Secondary energy is energy in an energy transformed from the primary energy into another form. In the energy industry, it is generated or refined through energy conversion or refining in order to be able to transport or use the energy more easily. Examples are coke , briquettes , coke oven gas , petroleum products such as gasoline , district heating and electrical energy generated in thermal power plants .

Thermal power plants can be operated with geothermal energy , nuclear energy , solar energy or fossil fuels.
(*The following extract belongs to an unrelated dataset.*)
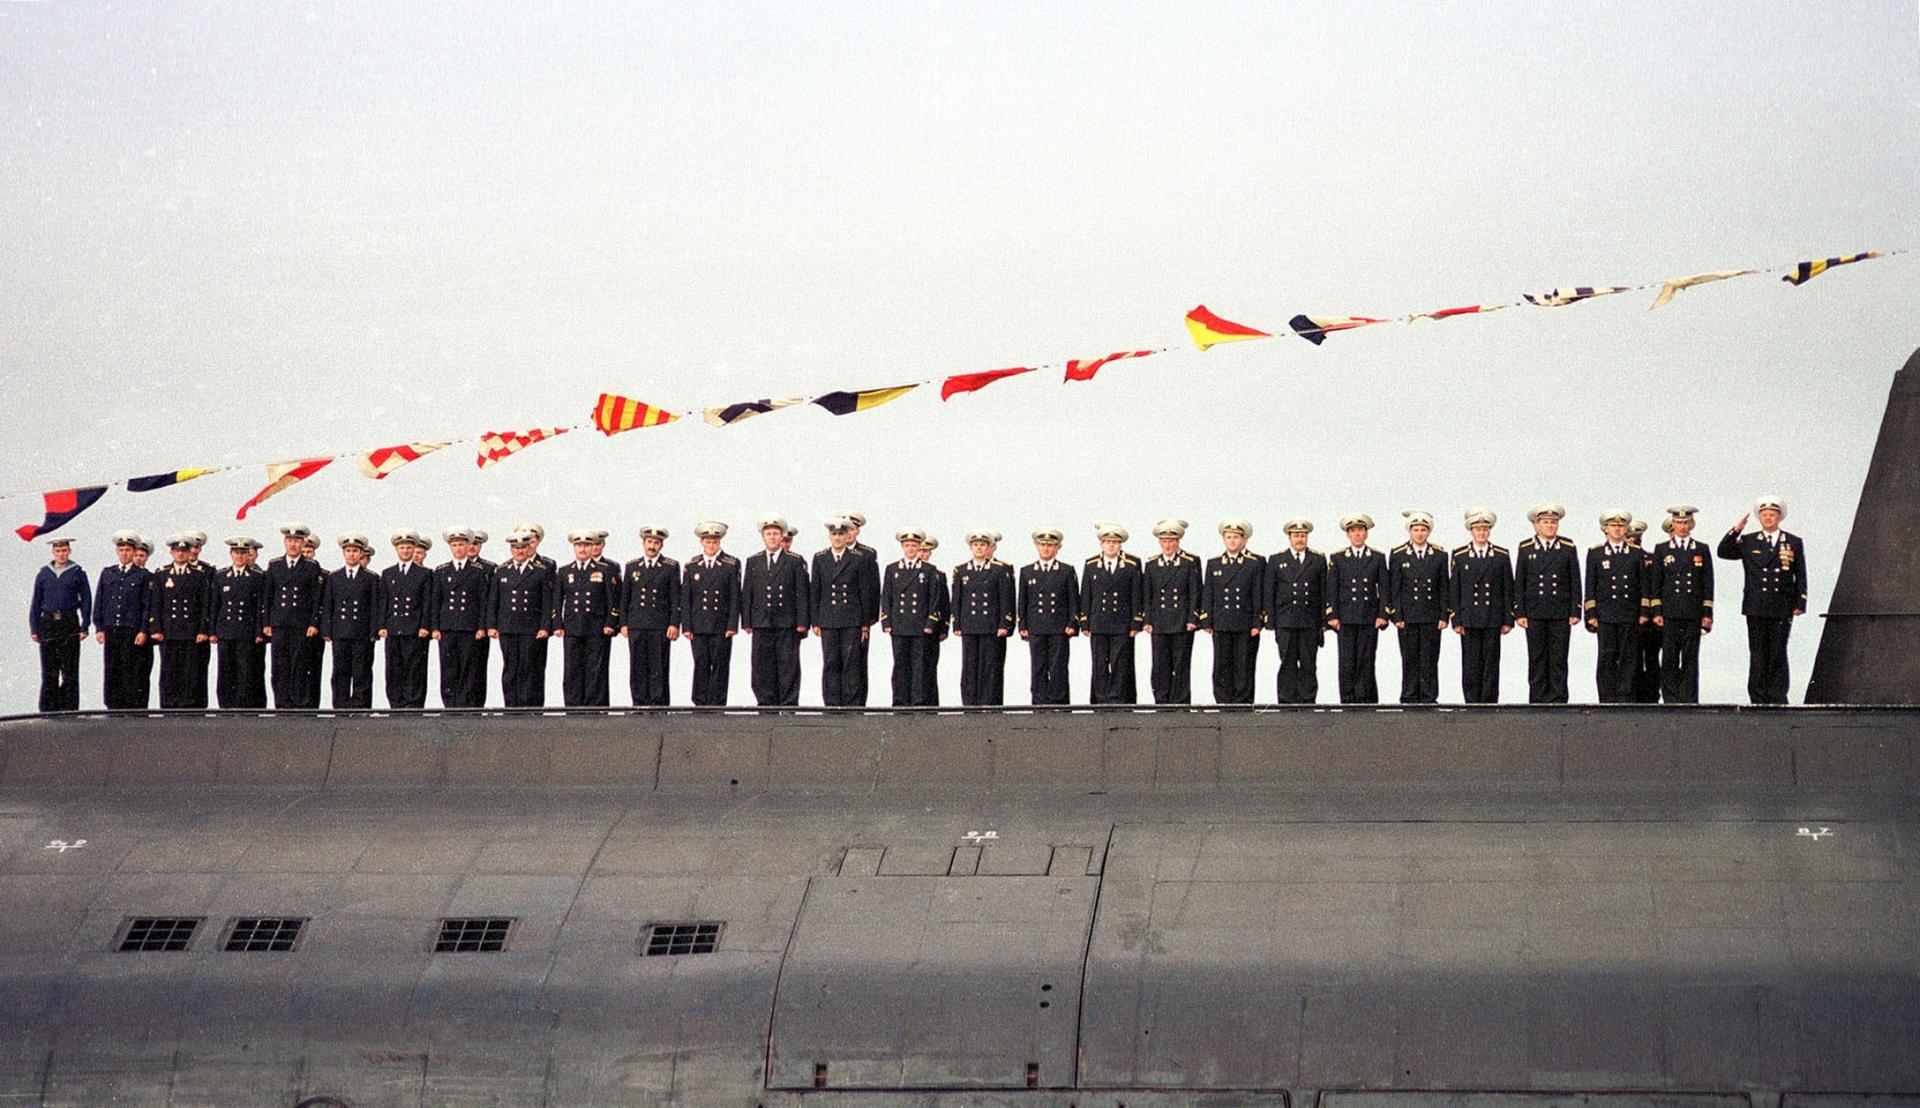 Sailors stand in a line atop their submarine in uniform

Traditionally, part of the energy is usually converted into electricity. In all of these conversion processes , part of the primary energy is lost as waste heat and is no longer available as useful energy. With the cogeneration is an attempt to reduce these losses by secondary energy for heating buildings adjacent residential areas or for greenhouses is used.

Electric power can be generated in hydropower plants , photovoltaic or wind power plants. The advantage of electricity lies in the long-range, inexpensive transport, provided that an appropriate infrastructure in the form of a power grid is available. In contrast, a district heating network only makes sense in densely populated areas. The economic reasons also result from a definition by the Federal Court of Justice :

"If from a not owned by the building owner heating system by a third party according to company economic point of independently produced heat and other delivered , it is district heating."

Individual evidence

  1. 222 Keywords Economic Geography: Basic knowledge for economists and practitioners. Springer Fachmedien Wiesbaden , 2014, ISBN 978-3-65803803-8 , p. 116.
  2. Secondary energy in the Gabler Wirtschaftslexikon . Retrieved April 20, 2016.
  3. ^ BGH judgment of October 25, 1989, NJW 1990, 1181.